Monday, August 17, 2015

Sloppy SCT Alignment and How to Correct It

Optical alignment is important, and particularly so when imaging. Stars are unforgiving when it comes to illustrating every little imperfection in your imaging system.

Sure, everyone knows that fast Newtonians need careful collimation. And most refractor users know that collimation is something that they almost never have to do. Then there's me...

I bought a used Celestron 9.25" SCT a while ago, and it was in perfect alignment at that time. It was easy for me to pretend it was much like a refractor and that the alignment would stay perfect. When it eventually went out of whack I started to tweak it as if I was working with my f/5 Dob. The fact that it came with Bob's Knobs encouraged me to do my tweaking in the field, leading to dreadful alignment. That was no fault of the knobs, I just didn't know what I was doing.

It took a couple of nights of dreadful images to convince me that I need to do a careful alignment of the scope. If you want to see a good explanation of how to go about this, look at Thierry Legault's instructions. He basically suggests a three step approach:

1. Course Alignment

This is the traditional centering of the secondary shadow within the defocused star. While this can be done by eye, I found it was useful to employ an imaging device to display the star. (An Orion StarShoot Autoguider works great for this.) Using this method lets you employ a nice program by Gilbert Grillot that overlays red concentric circles on whatever you're using for imaging.

2. Higher Magnification Alignment

Repeat the first step with higher magnification and using a dimmer star. You're once again centering the shadow. You'll use a shorter focal length eyepiece or a Barlow. I used a 4X Barlow with the SSAG.

3. Diffraction Ring Alignment

With the star focused you examine the diffraction rings. They should be concentric circles, and you have to carefully adjust the alignment until they are.

I did steps 1 and 2 indoors using the Hubble Optics Artificial Star. Step 3 required that I have the Hubble "star" a greater distance from the telescope than I could attain.

Here's the change in images:

Before (L) and After (R) the two-step alignment (click to enlarge)
These are from different nights and are of different targets, but it's abundantly clear that the Before image is awful--and it's worth noting these images are unscaled crops from the center of the image. I won't show you the field edge stars of  the Before, they're that bad. Here are a couple of stars from the above crops to emphasize the improvement:
Before and After (as above), 5X actual size
That blob on the left is actually a star. The elongation of the After star is due mainly to tracking error on a breezy night. Doing steps 1 and 2 led to much better stars across the entire image.
HELPFUL HINTS for Indoor Collimation:
Put your scope on a controllable mount. Every alignment adjustment will shift the star's position, and it's much easier to reacquire the "star" if you can use the mount's hand control.

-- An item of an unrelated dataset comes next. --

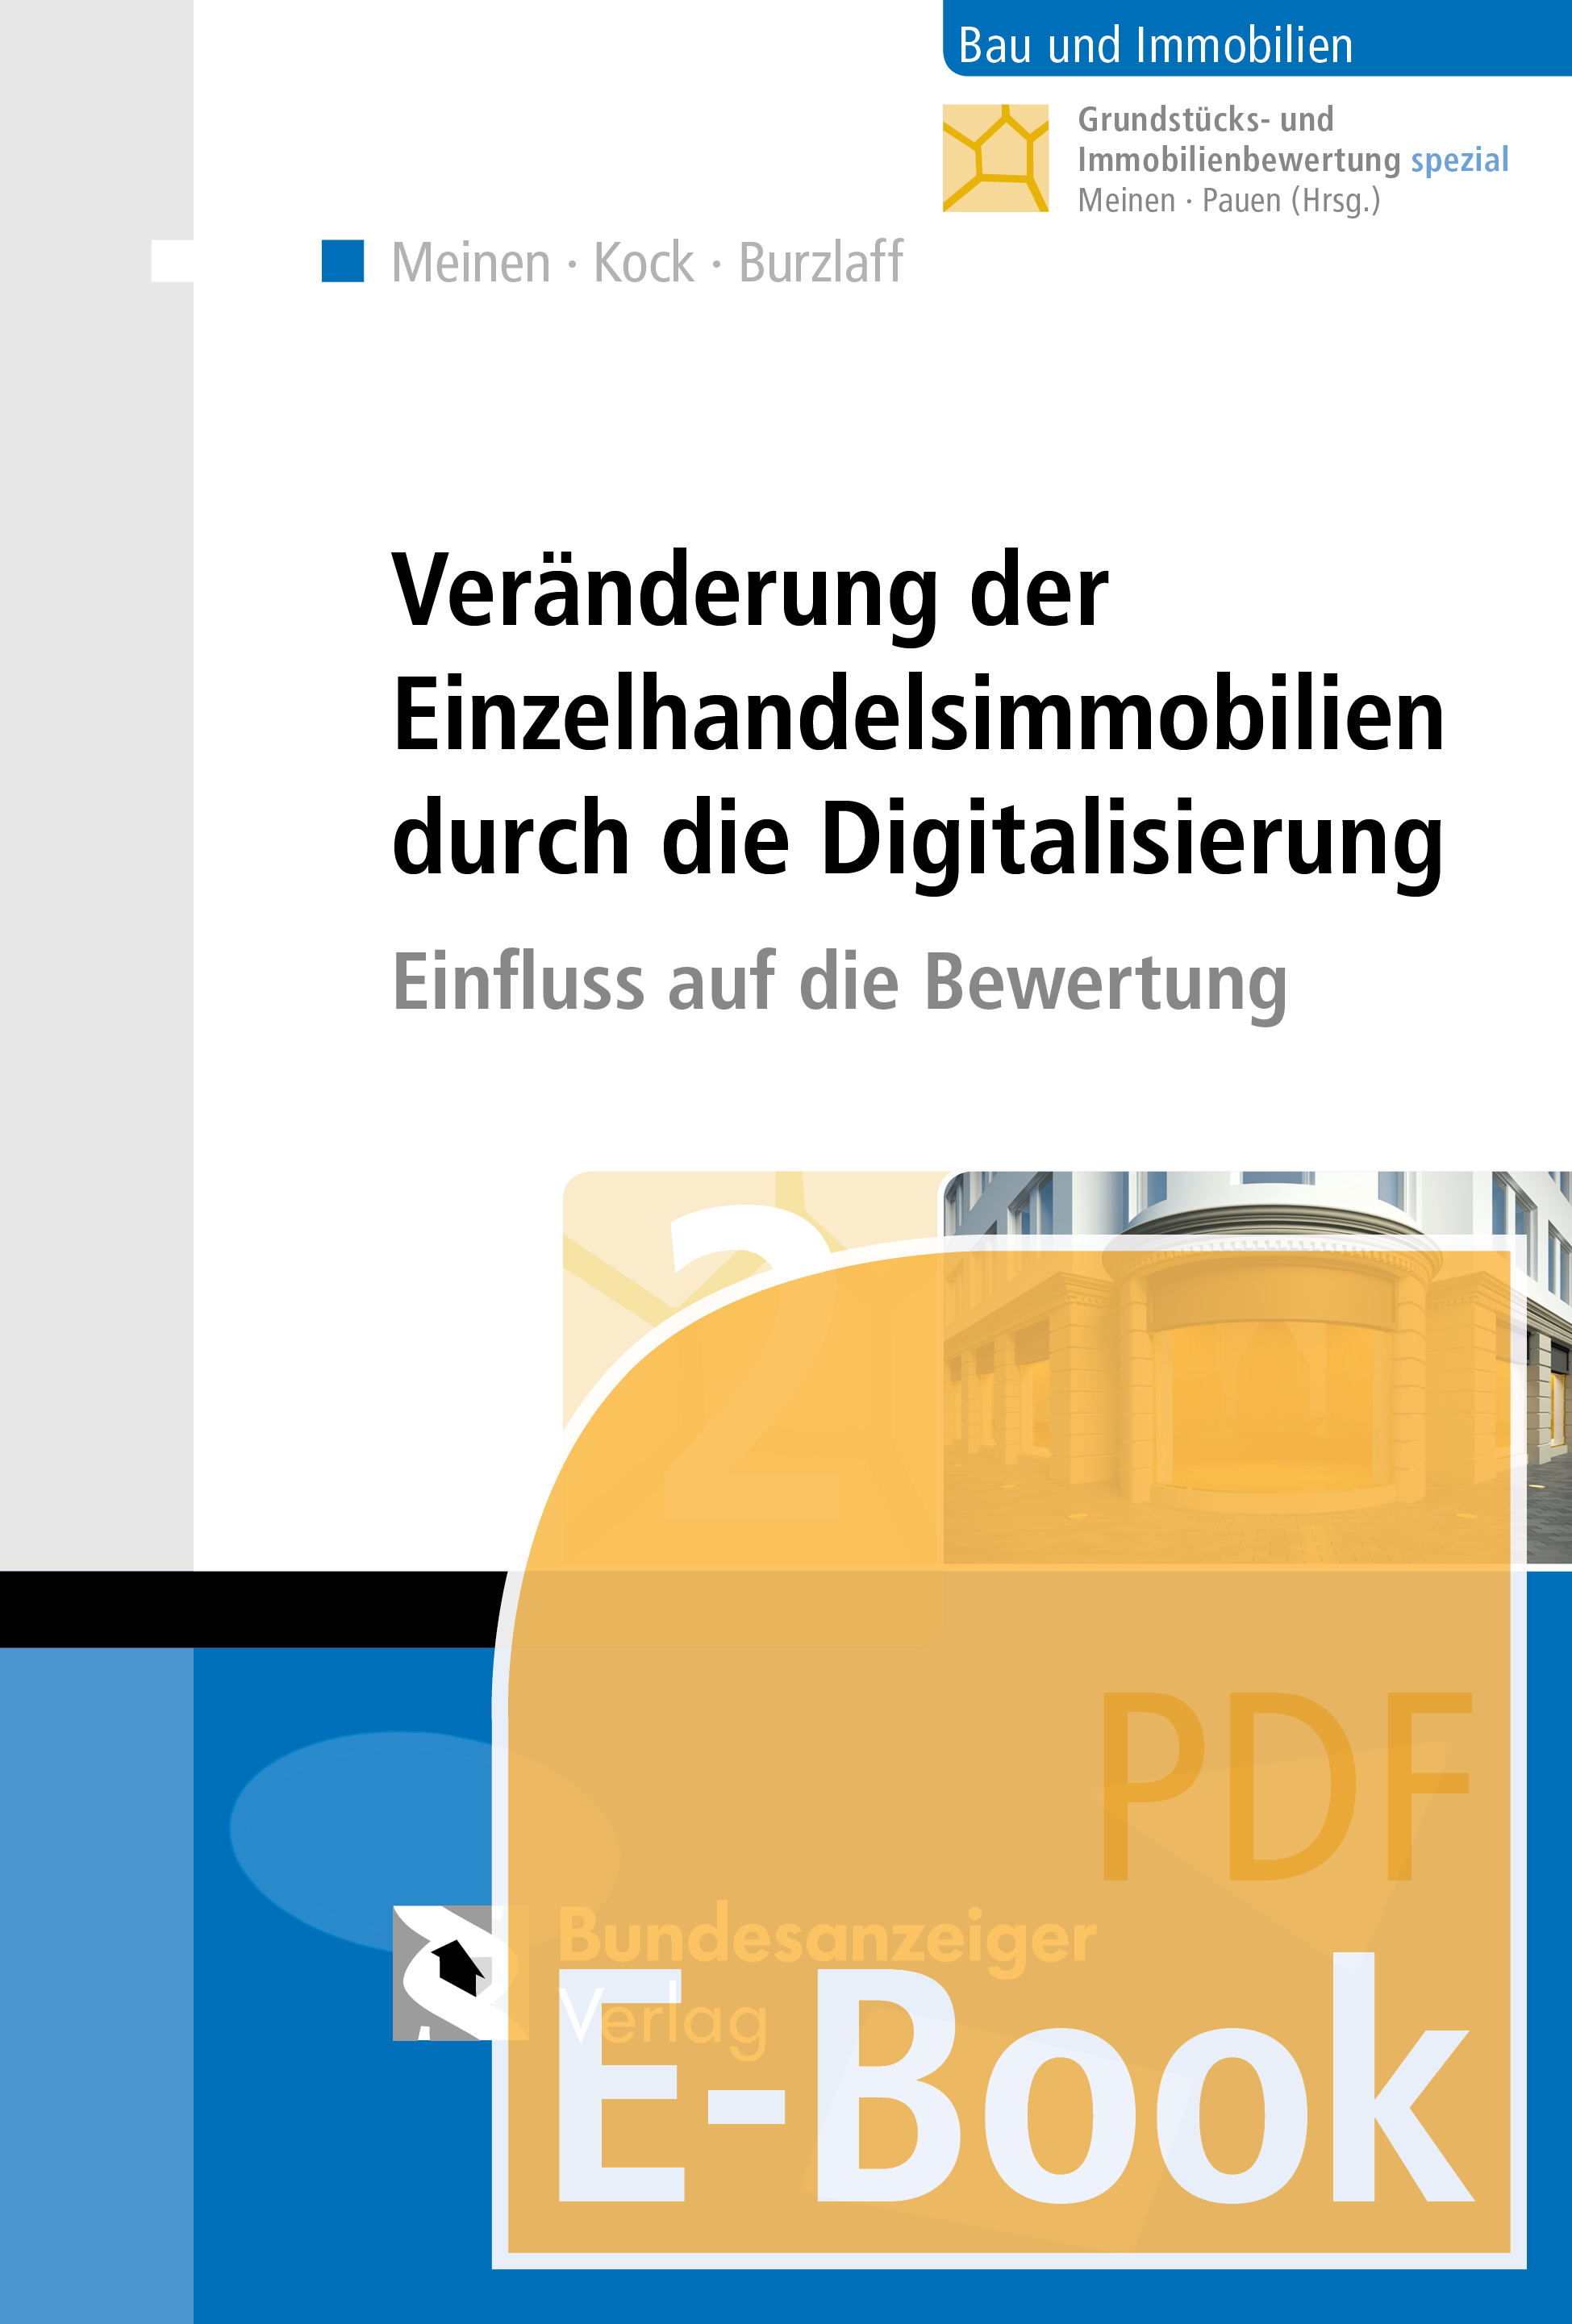 Veränderung der Einzelhandelsimmobilien durch die Digitalisierung (E-Book)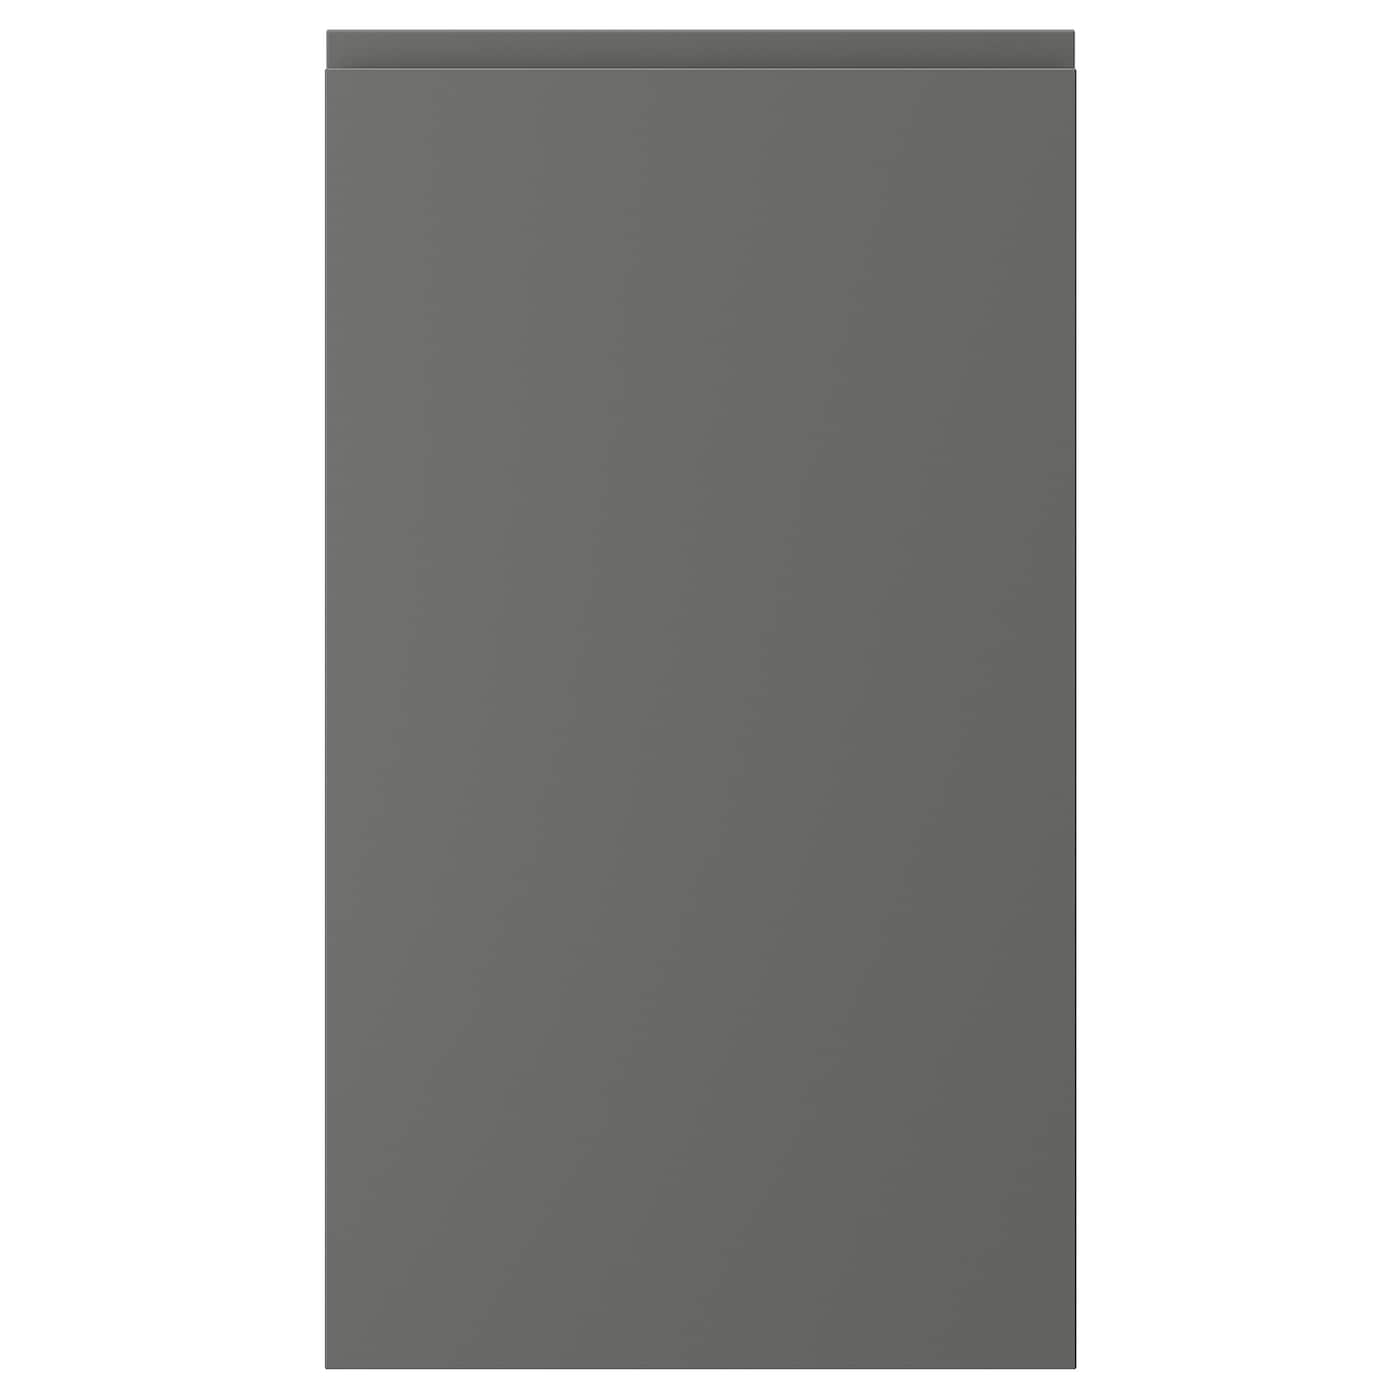 Фасад для посудомоечной машины - IKEA VOXTORP, 80х45 см, темно-серый, ВОКСТОРП ИКЕА

Disable Tracking. The "star" isn't moving like a real star, so your scope shouldn't be trying to track it. Some mounts may allow you to turn off tracking, but my CGEM doesn't have that capability. However, it does have hibernate mode. If you have a CGEM, point your scope at the "star," activate hibernation, and leave the power on. Your hand control's RA and Dec motion buttons will still operate. 

You may have to use extension tubes. Start with the largest diagonal you've got, and then add extensions as needed. Remember, for steps 1 and 2 you don't need to reach focus, you just have to get the defocused star to fit into the field of view.